Gang Zheng, Harrison Tsai, Li Hui Tseng, Peter B Illei, Christopher Gocke, James Eshleman, George Netto, Ming-Tseh Lin

Research output: Contribution to journalArticle

Abstract

Objectives: To evaluate preanalytic factors contributing to failure of next-generation sequencing (NGS) assays. Methods: AmpliSeq Cancer Hotspot Panel was conducted in 1, 121 of 1, 152 formalin-fixed paraffin-embedded tissues submitted to a clinical laboratory, including 493 small biopsy or fine needle aspiration (FNA) specimens (44%) and 25 metastatic bone specimens (2.2%). Results: Single nucleotide mutations and/or insertion/deletion mutations were detected in 702 specimens. Thirtyeight specimens (3.4%) were reported as "no results" due to NGS assay failure.
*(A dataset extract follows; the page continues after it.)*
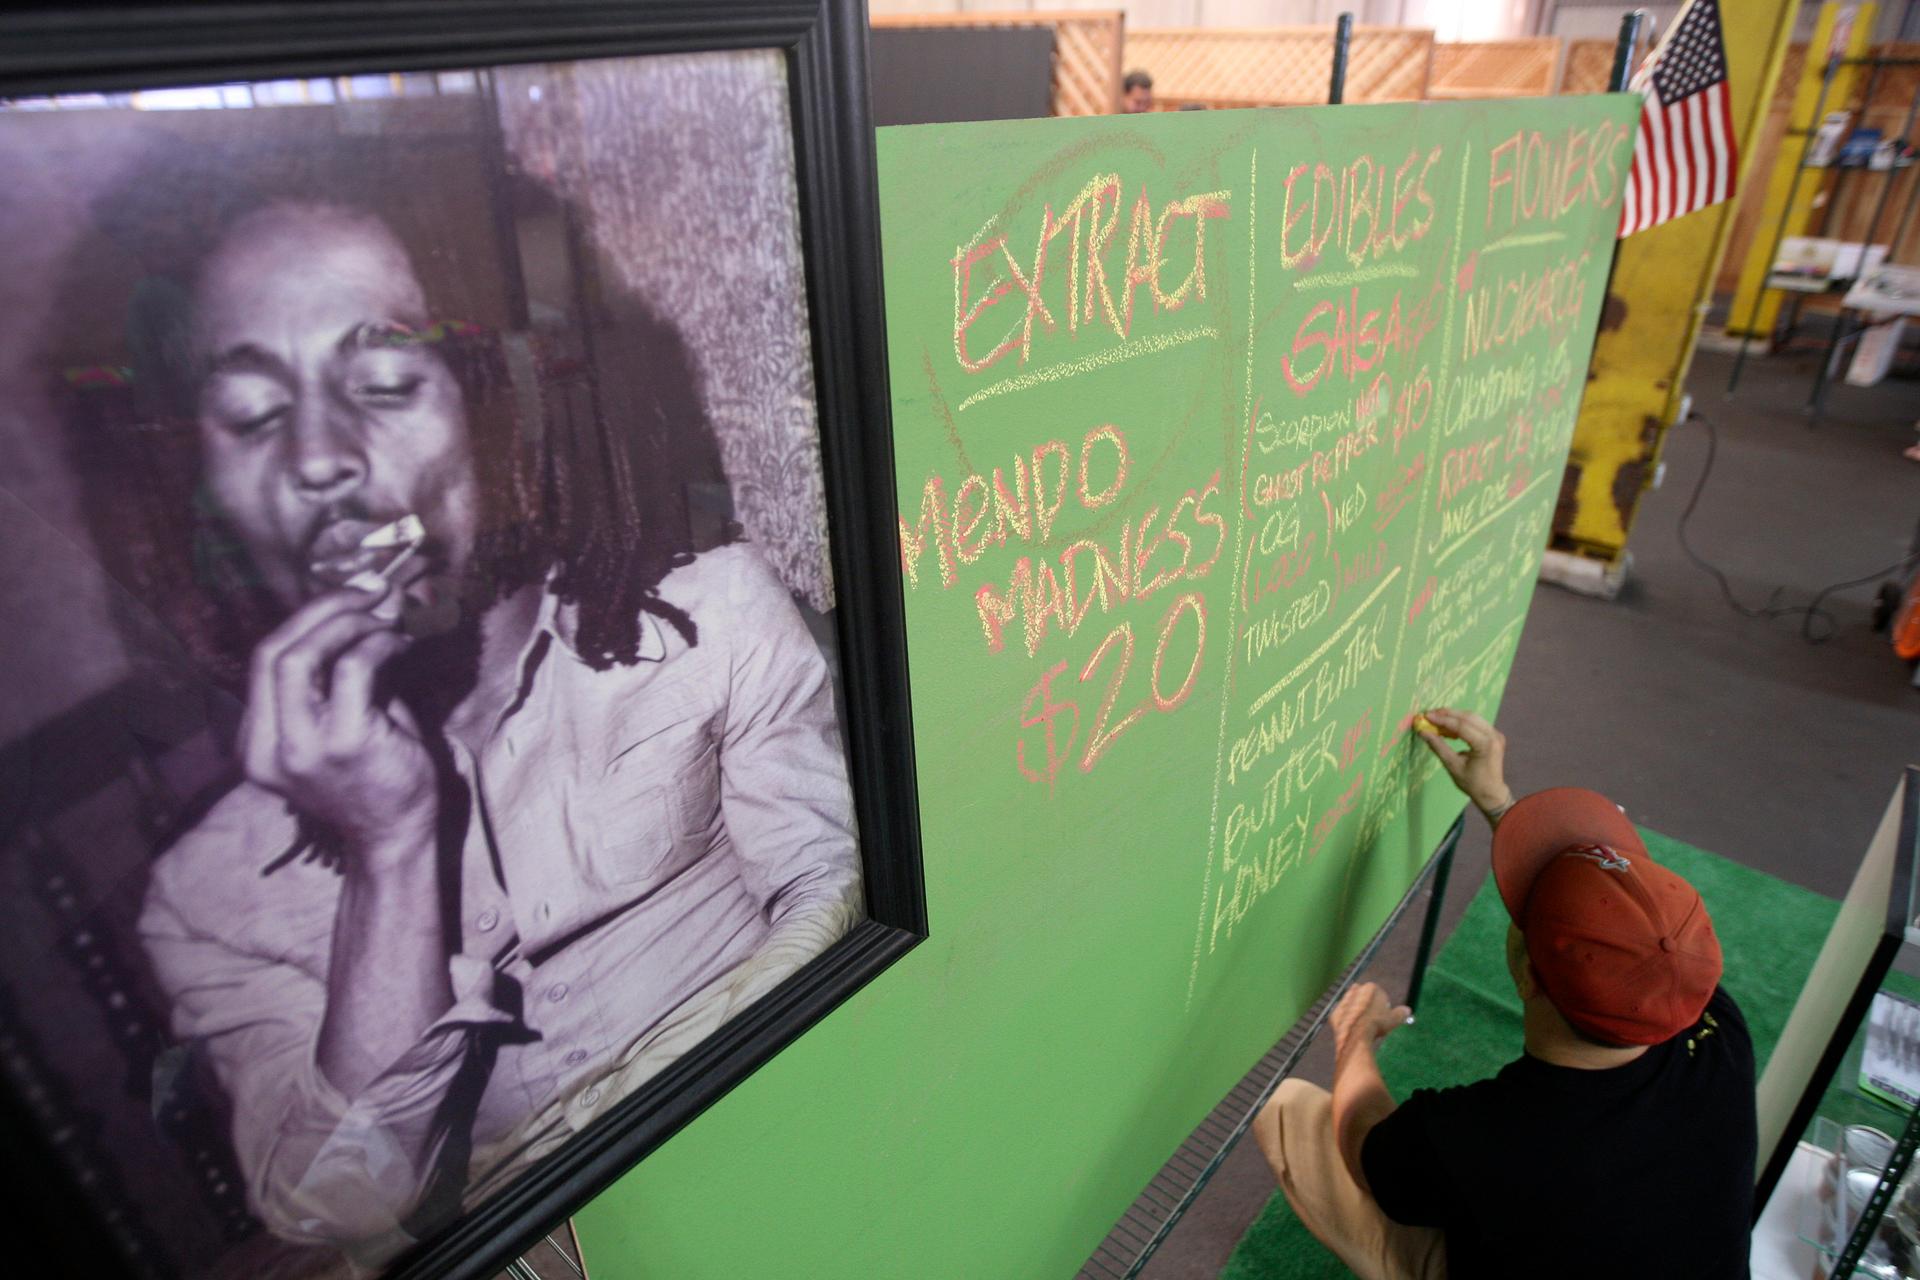 A portrait of Bob Marley hangs in a market in Los Angeles

Higher failure rates were observed in specimens submitted for lung cancer panel and melanoma panel (3.1% and 3.7% vs 1.0% colorectal cancer panel), metastatic bone specimens (36% vs 2.6% nonbone specimens), referred specimens (5.0% vs 1.8% in-house specimens), and small biopsy and FNA specimens (5.8% and 3.1% vs 0.7% resection/excision specimens). Test feasibility was higher in in-house specimens than referred specimens (99.1% vs 96.9% in resection specimens, 94.4% vs 87.3% in small biopsy specimens, and 94.3% vs 58.8% in FNA specimens). Conclusions: NGS assays demonstrated clinical utility in solid tumor specimens, including those taken by biopsy or FNA. Preanalytic factors identified by this study that may contribute to NGS assay failure highlight the need for pathologists to revisit tissue processing protocols in order to better optimize cancer mutational profiling.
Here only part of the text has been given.